---------------------------------------------------------------------

WARTA BERITA RADIO NEDERLAND WERELDOMROEP
Edisi: Bahasa Indonesia

Ikhtisar berita disusun berdasarkan berita-berita yang disiarkan oleh
Radio Nederland Wereldomroep selama 24 jam terakhir.

---------------------------------------------------------------------

Edisi ini diterbitkan pada:

Selasa 09 Oktober 2001 14:10 UTC



** DEMONSTRASI DI DEPAN KEDUBES AMERIKA DI JAKARTA

** DEMONSTRASI DI DEPAN KEDUBES AMERIKA DI JAKARTA

** KOREA UTARA TIDAK SETUJUI SERANGAN AMERIKA

** TOPIK GEMA WARTA: DI KABUL, PENDUDUK SEMBUNYI DI TENGAH PERANG
BARU

** TOPIK GEMA WARTA: MEGAWATI SEPERTI TERJEPIT DI ANTARA GOLONGAN
ISLAM DAN AMERIKA



* DEMONSTRASI DI DEPAN KEDUBES AMERIKA DI JAKARTA

Sebuah demonstrasi di depan kedutaan besar Amerika di Jakarta
berakhir dengan kerusuhan. Kerusuhan terjadi ketika ratusan
demonstran berupaya menyerbu gedung kedutaan besar tersebut. Polisi
melepaskan tembakan peringatan dan antara lain menggunakan gas air
mata guna membubarkan sekitar 400 orang demonstran. Tiga orang
terluka. Juga di berbagai kota lain di Indonesia dilangsungkan
demonstrasi anti-Amerika, antara lain di Surabaya dan Makassar.

Sementara itu dipastikan tiga orang tewas termasuk seorang anak,
akibat kerusuhan di Quetta, Pakistan Barat yang terjadi ketika sebuah
demonstrasi terhadap serangan Amerika di Afganistan. Para demonstran
bentrok dengan polisi.

Lebih dari 10 ribuan muslim Filipina berdemonstrasi menentang
serangan Amerika. Sejauh ini belum terjadi insiden.

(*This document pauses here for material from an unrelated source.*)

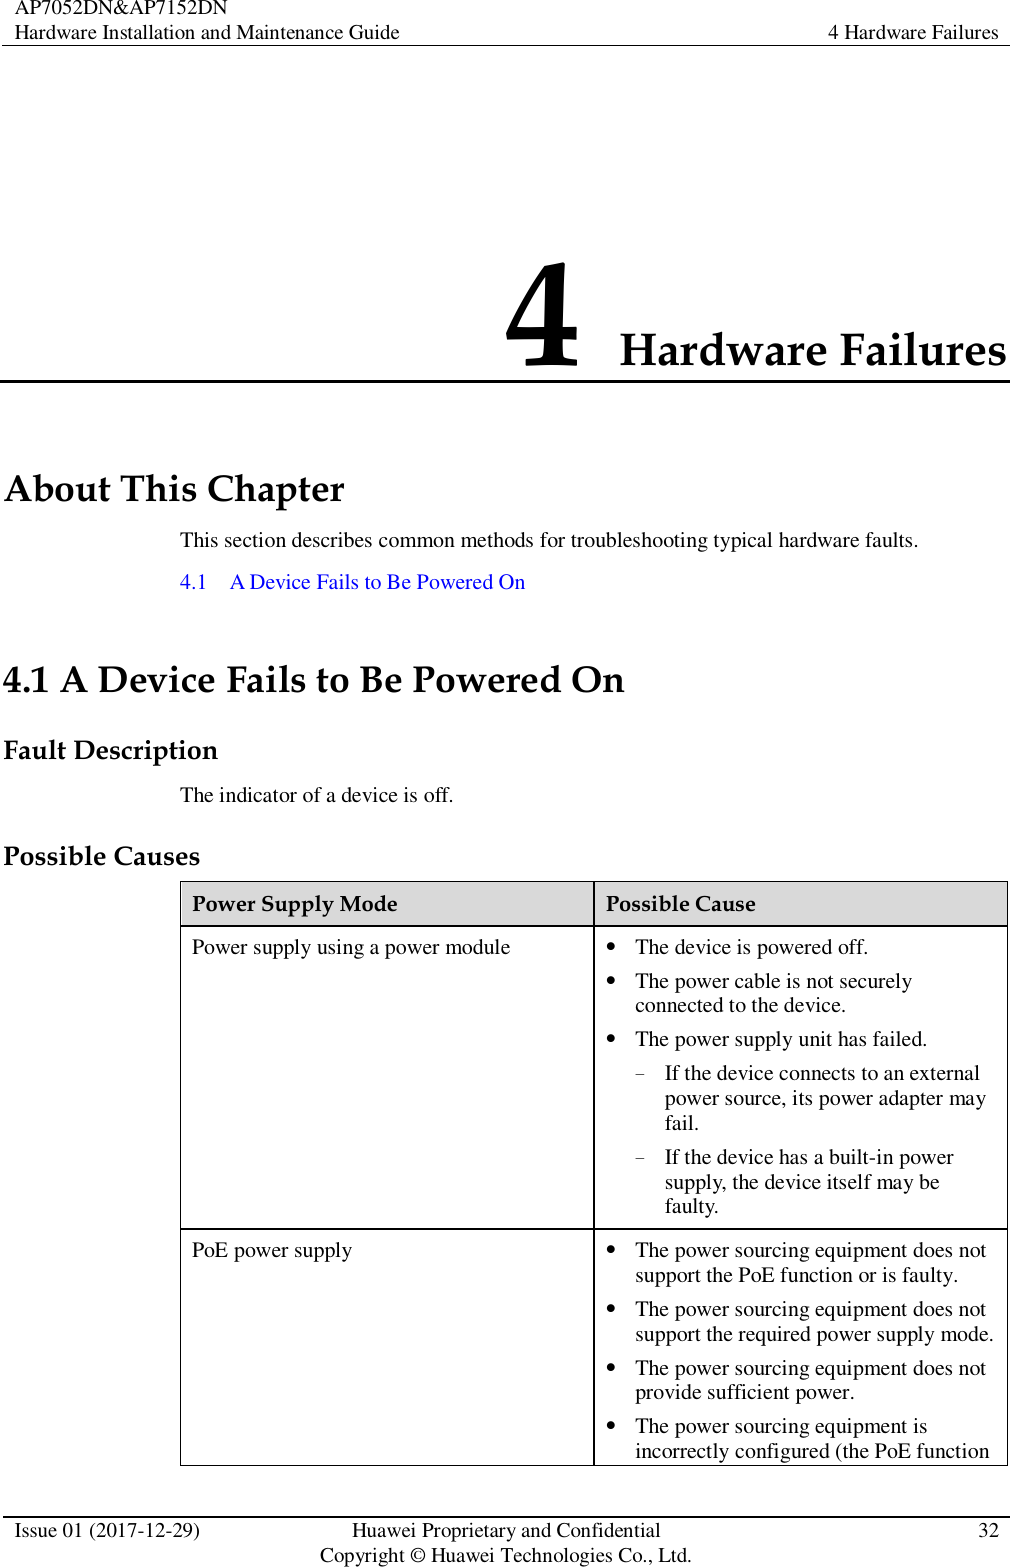 AP7052DN&amp;AP7152DN Hardware Installation and Maintenance Guide 4 Hardware Failures  Issue 01 (2017-12-29) Huawei Proprietary and Confidential                                     Copyright © Huawei Technologies Co., Ltd. 32  4 Hardware Failures About This Chapter This section describes common methods for troubleshooting typical hardware faults. 4.1    A Device Fails to Be Powered On 4.1 A Device Fails to Be Powered On Fault Description The indicator of a device is off. Possible Causes Power Supply Mode Possible Cause Power supply using a power module  The device is powered off.  The power cable is not securely connected to the device.  The power supply unit has failed. − If the device connects to an external power source, its power adapter may fail. − If the device has a built-in power supply, the device itself may be faulty. PoE power supply  The power sourcing equipment does not support the PoE function or is faulty.  The power sourcing equipment does not support the required power supply mode.  The power sourcing equipment does not provide sufficient power.  The power sourcing equipment is incorrectly configured (the PoE function

* DEMONSTRASI DI DEPAN KEDUBES AMERIKA DI JAKARTA

Pesawat tempur Amerika kembali melancarkan serangan bom terhadap
sasaran di Afganistan. Untuk pertama kalinya sekarang dilakukan
serangan bom pada siang hari, setelah dua serangkaian serangan malam
hari. Akibat serbuan siang hari ini nampaknya sebagian besar artileri
pertahanan udara rezim Taliban telah dihancurkan. Di Kandahar, pusat
kekuasaan Taliban, Afganistan selatan, terdengar ledakan keras pagi
hari. Taliban menyatakan pemboman bandara Afganistan telah menewaskan
seorang warga sipil. Rezim Taliban juga menandaskan Amerika telah
membom rumah yang pernah ditinggali oleh pemimpin spiritual Taliban,
Mohammad Omar. Konon empat orang tewas di sebuah kantor organisasi
anti ranjau darat di ibukota Kabul yang dibiayai PBB. Pasukan Inggris
tidak ikut dalam serangan kedua terhadap Afganistan. Mereka hanya
memberi bantuan logistik saja.

Aliansi Utara melaporkan perang melawan Taliban telah membuahkan
hasil. Seorang wakil Aliansi Utara memperkirakan dilakukan serangan
besar-besaran hari-hari mendatang. Para anggota Dewan Keamanan PBB
mendukung serangan tersebut. Juga Sekretaris Jenderal Kofi Annan
membenarkan serangan yang menurutnya adalah aksi bela diri yang sah.

Sementara itu pasukan Taliban menyatakan menangkap seorang warga
Prancis. Belum jelas apakah orang yang tertangkap tersebut adalah
anggota pasukan elit Prancis yang berada di Afganistan dan bekerja
sama erat dengan Aliansi Utara. Konon Warga Prancis ini mengenakan
burqa, pakaian tradisional perempuan Afganistan.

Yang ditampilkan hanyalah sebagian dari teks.